The sentencing guidelines was the biggest mistake by the Reagan Administration and I have high regard for the former president, however, what he created with the guidelines was a get even method for prosecutors who were never able to stand up to anybody all of their lives and hence now they are able to and with a vengeance due to a 800 page plus manual.
So much has been written about criminals taking revenge on their prosecutors after they finished their sentence. Granted, lives have been exterminated and fledging judicial careers have been cut short due to some of these statistics making good on their promises.
My concern is not about them taking out of their agony-my concern is about all of the innocent incarcerated and what will happen when they are released as who can predict what the wrongly accused, convicted, incarcerated and wrongly yanked from their lives and loved one will seek when released and nothing is waiting for them except a probation officer and the system.
I pray to God that I nor my family or other families are not in close proximity to these lost souls as nobody can possibly predict what grief, hurt and suffering they will place on society in order to make up for what was wrongly taken from them. In my opinion it will make what McVeigh and Bin Laden did seem uneventful if this segment of society is not monitored every second of the day once they are released.

Hopefully God can reach to these individuals and somehow show them that violence is not the answer and that the prosecutors responsible for loss of their most basic freedoms are already being punished by the meaningless existence they have lead since being spawned.

disillusioned layman

Please consider submitting a version of this excellent article to a more widely-read publication (Time, Newsweek, etc.). Those of us who are not lawyers have a right to know about the Kafkaesque aspects of our legal system. Friends whom I have told about sentencing based on acquitted conduct look at me in complete disbelief.

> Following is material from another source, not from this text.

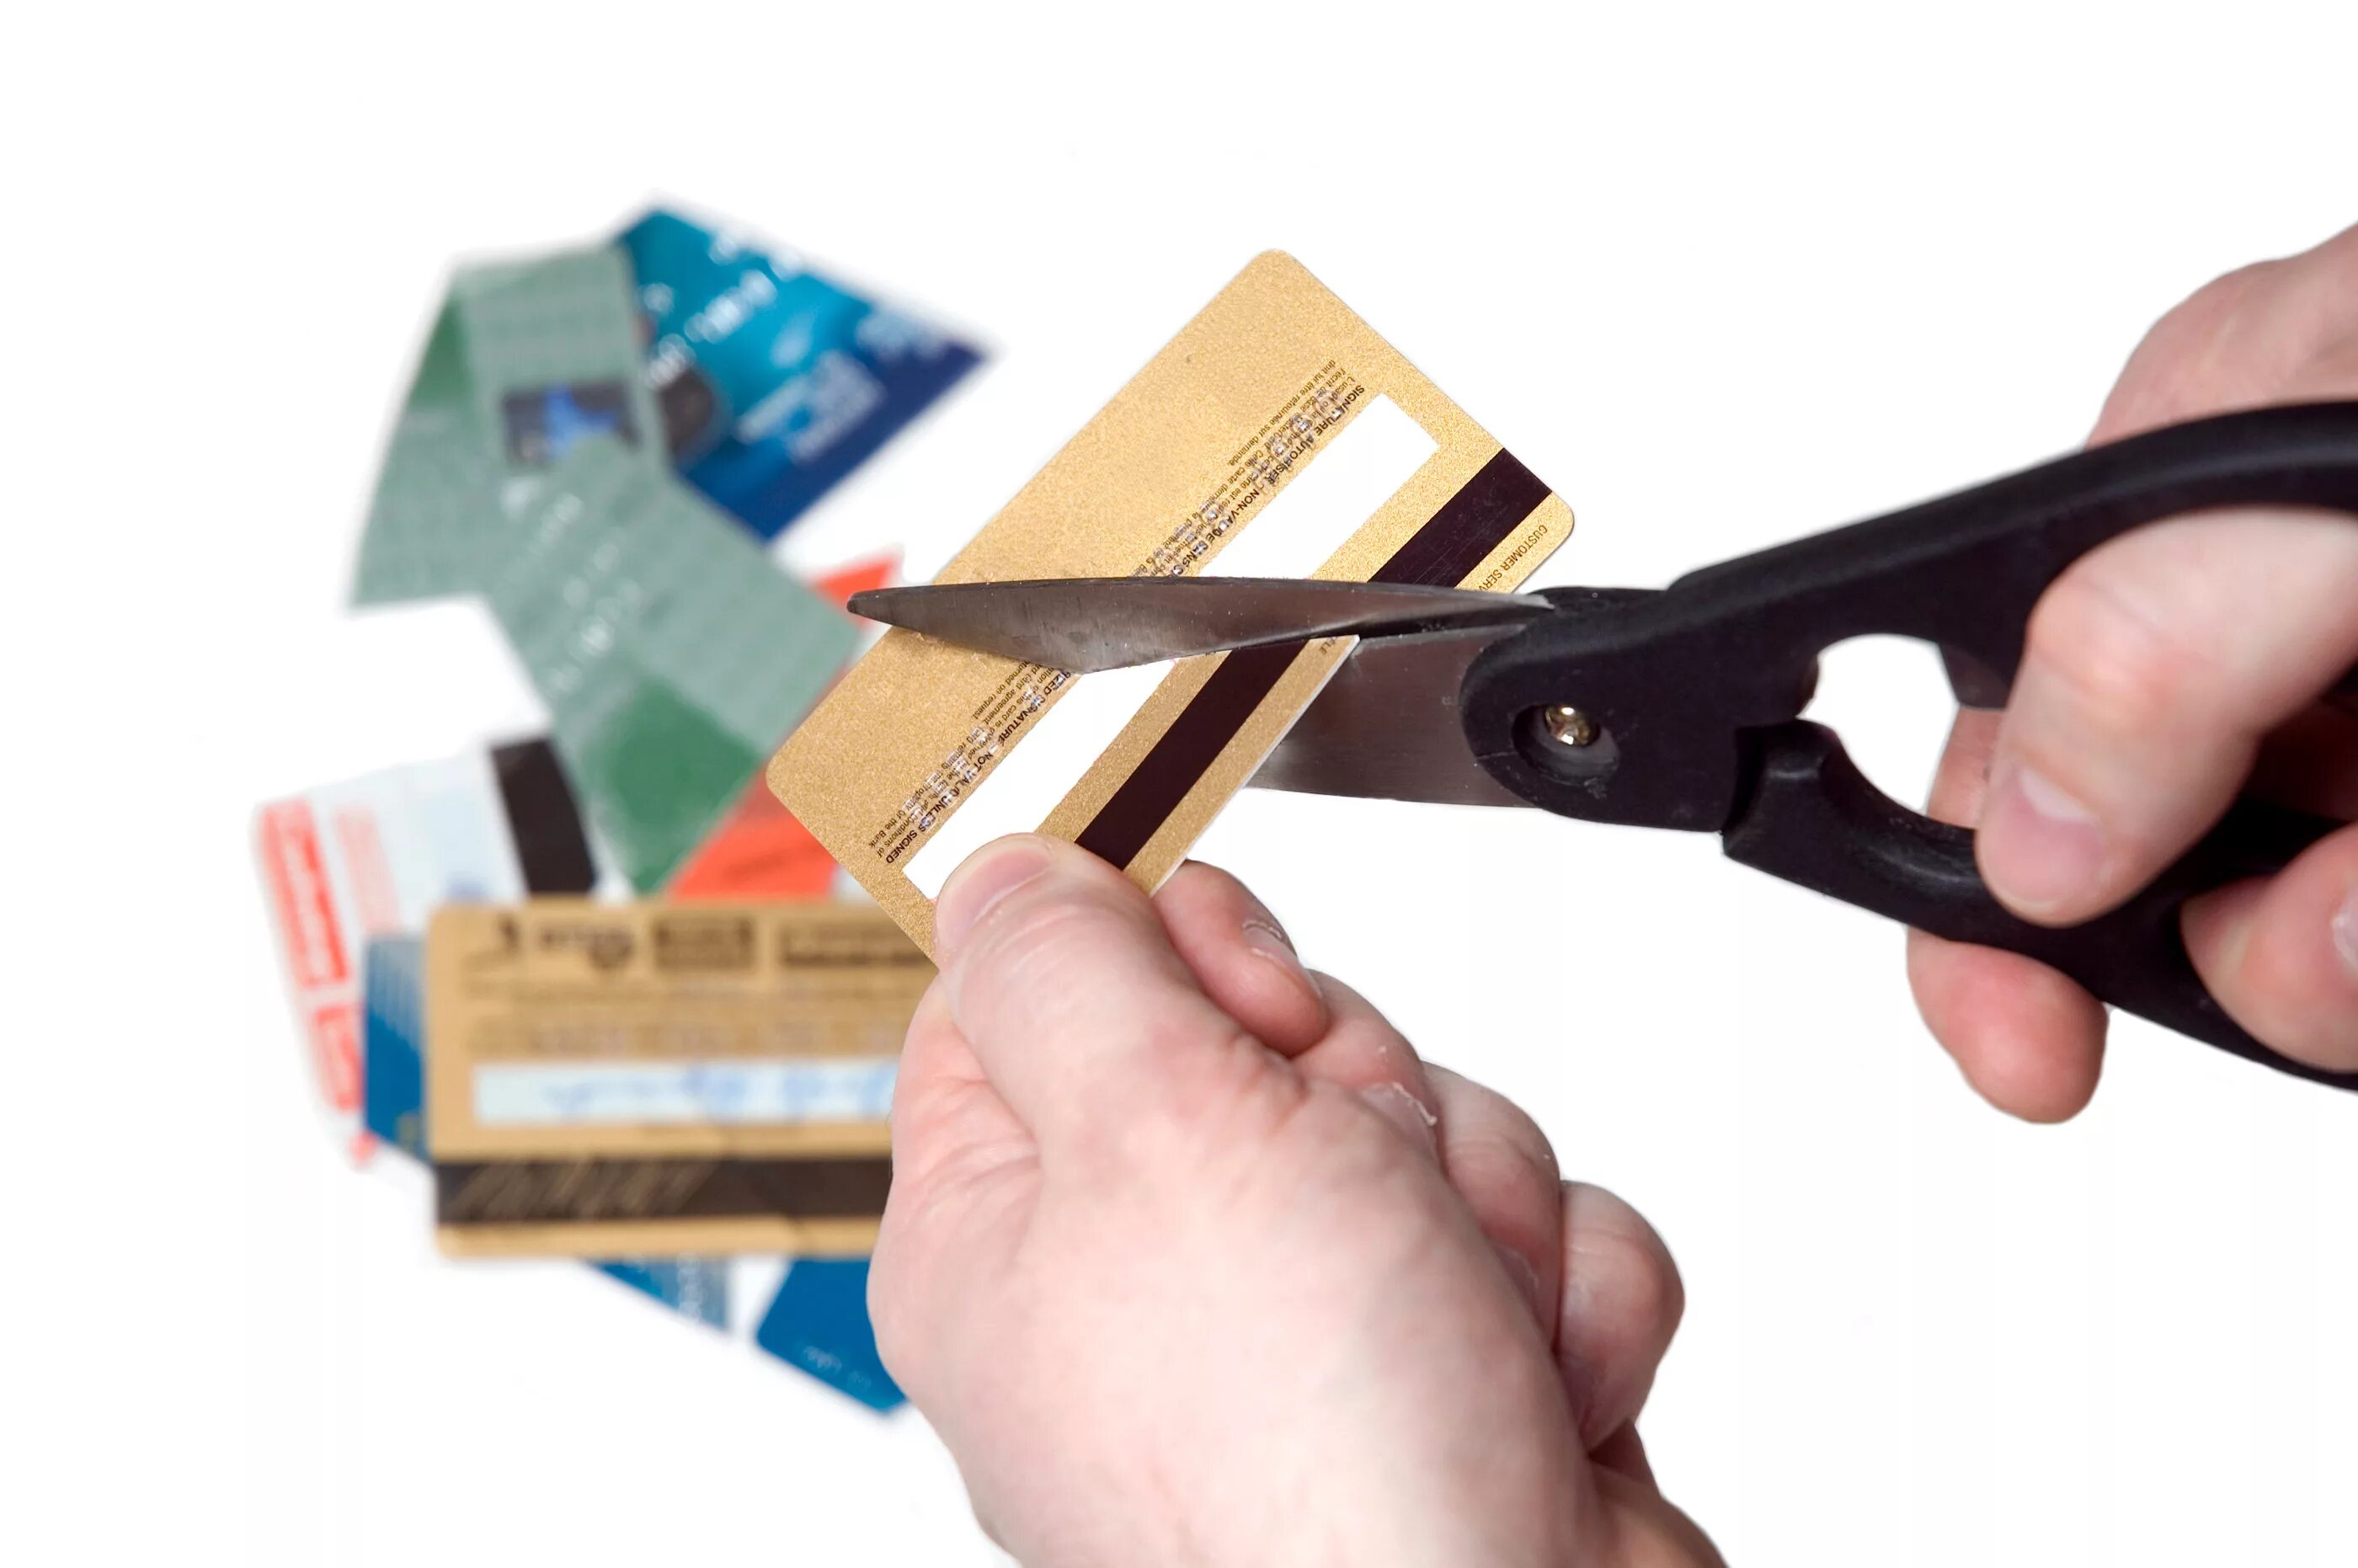 Задание банковским картам. Разрезают пластиковую карту. Разрезанная кредитка. Разрезанная банковская карта. Уничтожение пластиковых карт.

The death penalty is not the only aspect of our legal system that deserves public debate. If anything, the subject of your article has the potential to affect many more of us than the death penalty ever will. Unfortunately, some in the legal profession feel that those of us who are not lawyers are not capable of understanding these matters and shouldn't get involved in discussions of them. However, if fundamental concepts of fairness in our legal system differ from what we citizens have been led to believe, then I think we all have a right to know.

disillusioned layman

Mr. Protass, I read your excellent article after being directed to it by Professor Douglas Berman's sentencing blog. As a non-lawyer who has become acquainted with this issue and other (to me, at least) surprising aspects of our legal system, I was delighted to see such a clear and understandable discussion of this topic.

I have told some of my middle-class friends about sentencing based on acquitted conduct, and they look at me in total disbelief. Such a thing is incomprehensible to them. The problem is, most non-lawyers have no idea that this occurs.

Please write an article on this topic for Time or Newsweek or as an op-ed in the New York Times or some similar venue where the rest of us can learn about it. It frightens me that the vast majority of even the educated public has no idea how our legal system really works. (A friend who is a psychology professor actually thought everyone accused of a crime got a trial!) It is equally disturbing that at least some in the legal profession seem to think this ignorance on the part of the public is just fine.